• [What the task asks] Restate word for word the material below, starting at the line that contains "A Screenshot of the Certificate of Occupancy" and stopping after the last line; skip pictures.

(Given information Opens)

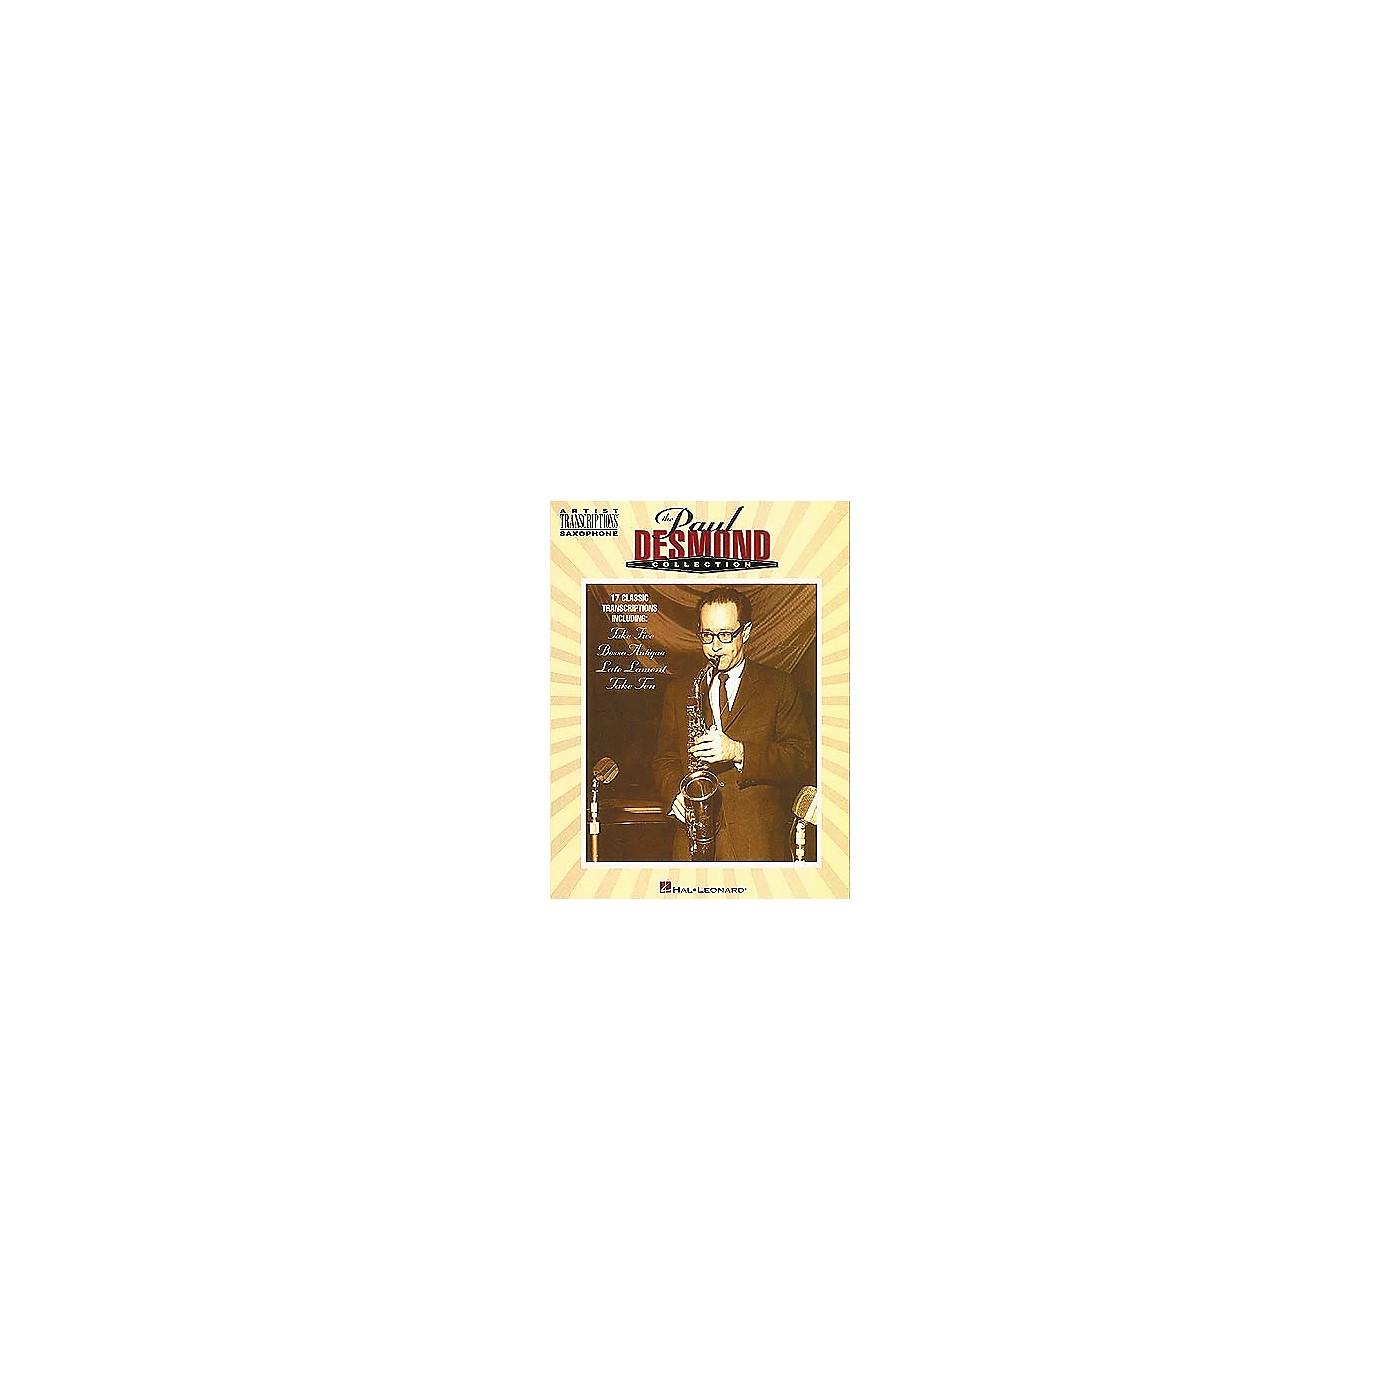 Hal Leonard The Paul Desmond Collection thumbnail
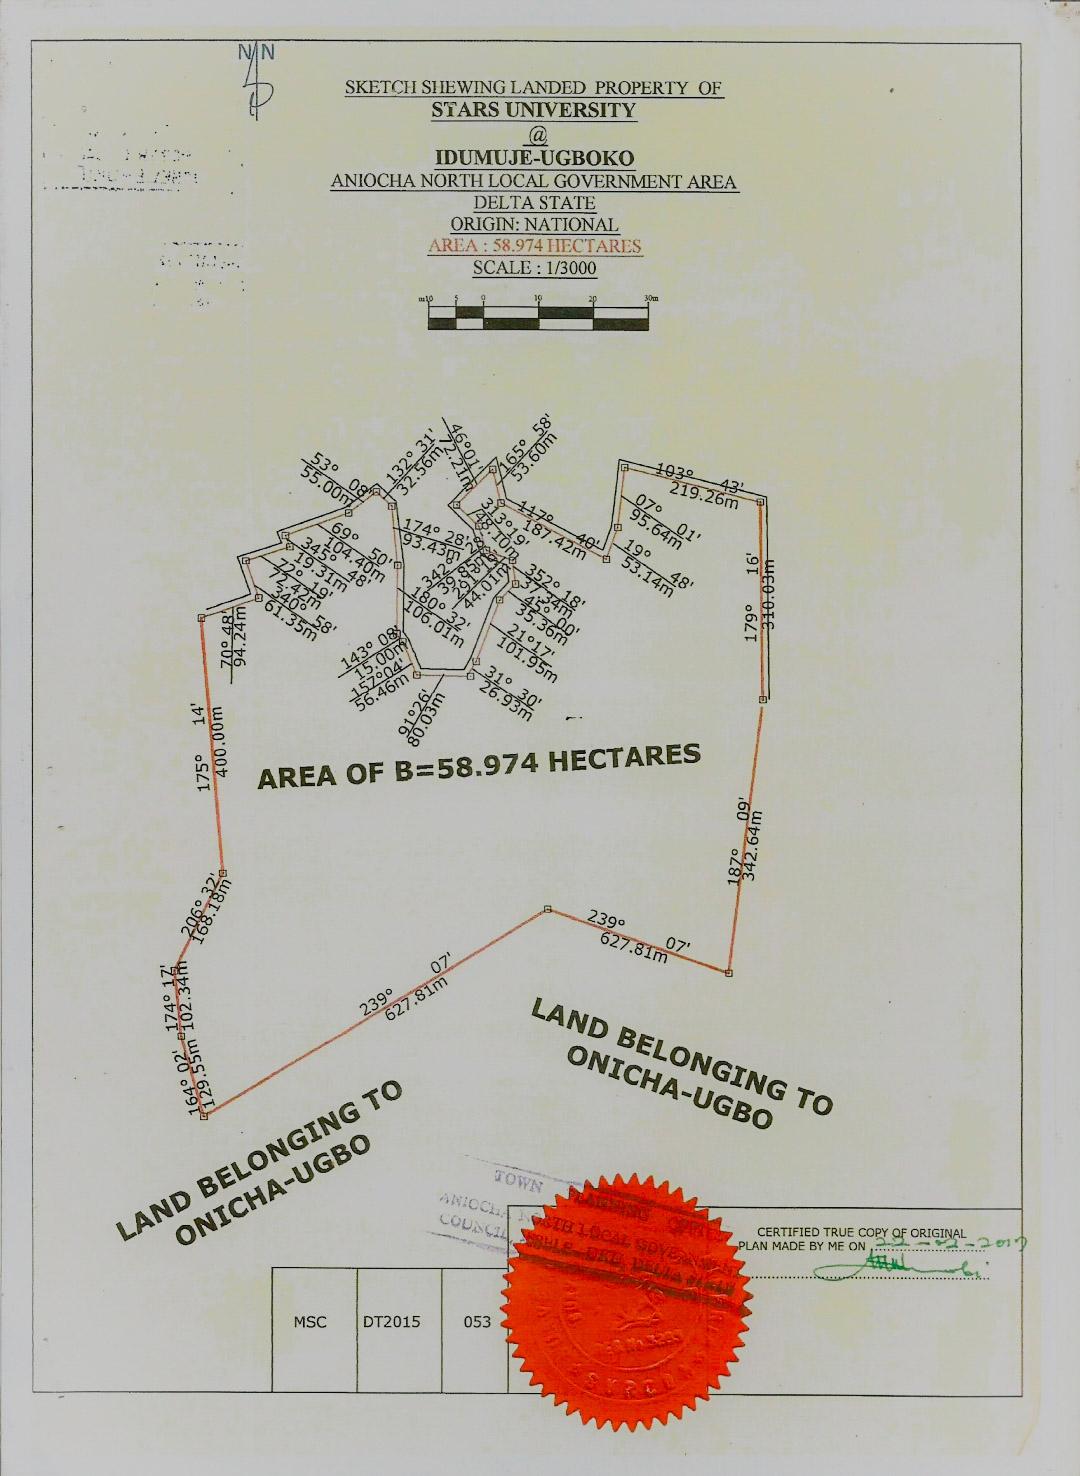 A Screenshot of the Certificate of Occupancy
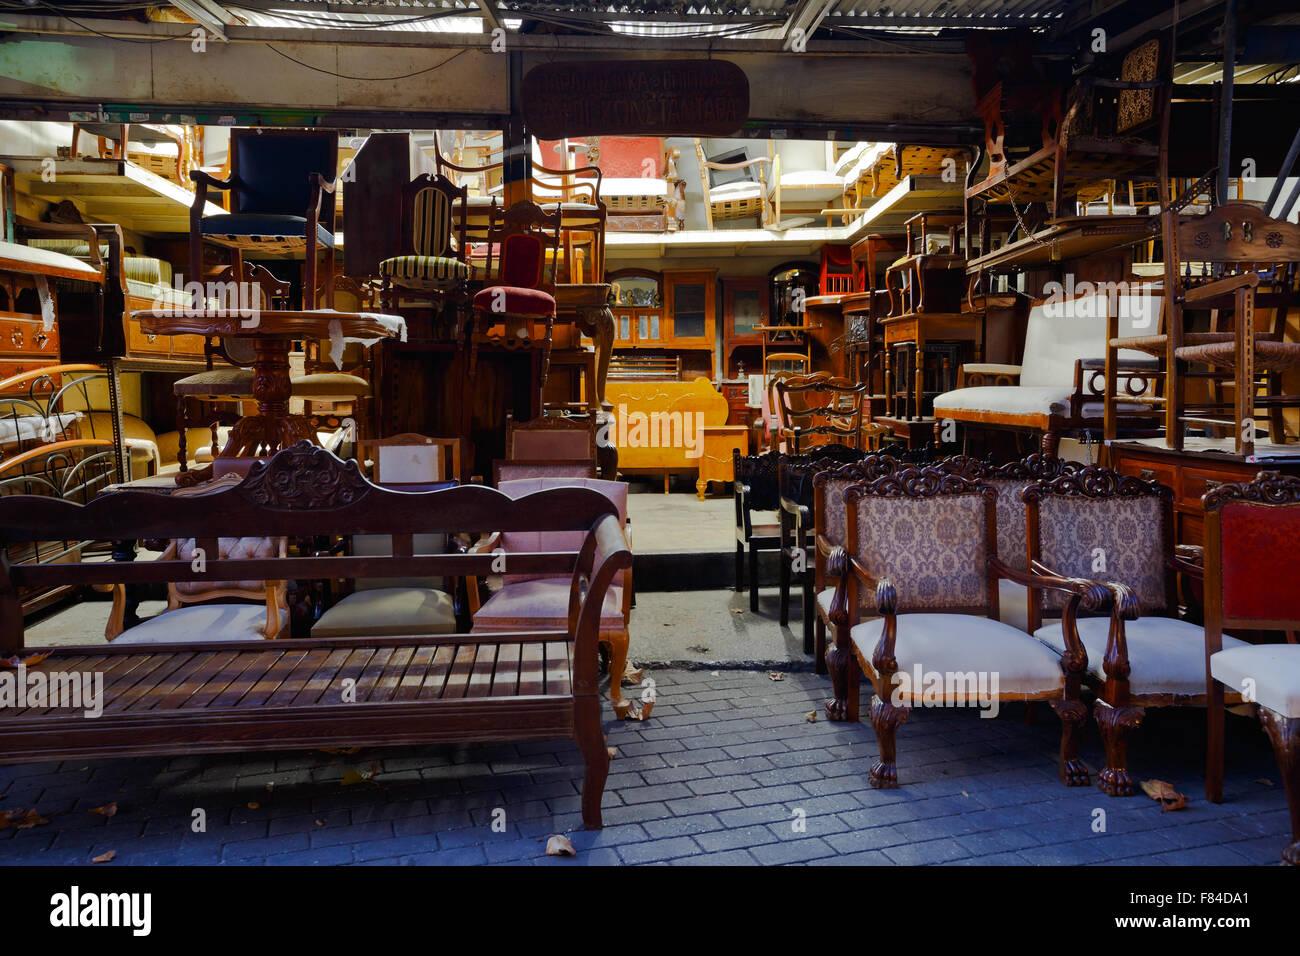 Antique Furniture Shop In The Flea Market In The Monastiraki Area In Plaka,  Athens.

(Given information Closes)

• [Worked solution]
 A Screenshot of the Certificate of Occupancy
 Antique Furniture Shop In The Flea Market In The Monastiraki Area In Plaka,  Athens.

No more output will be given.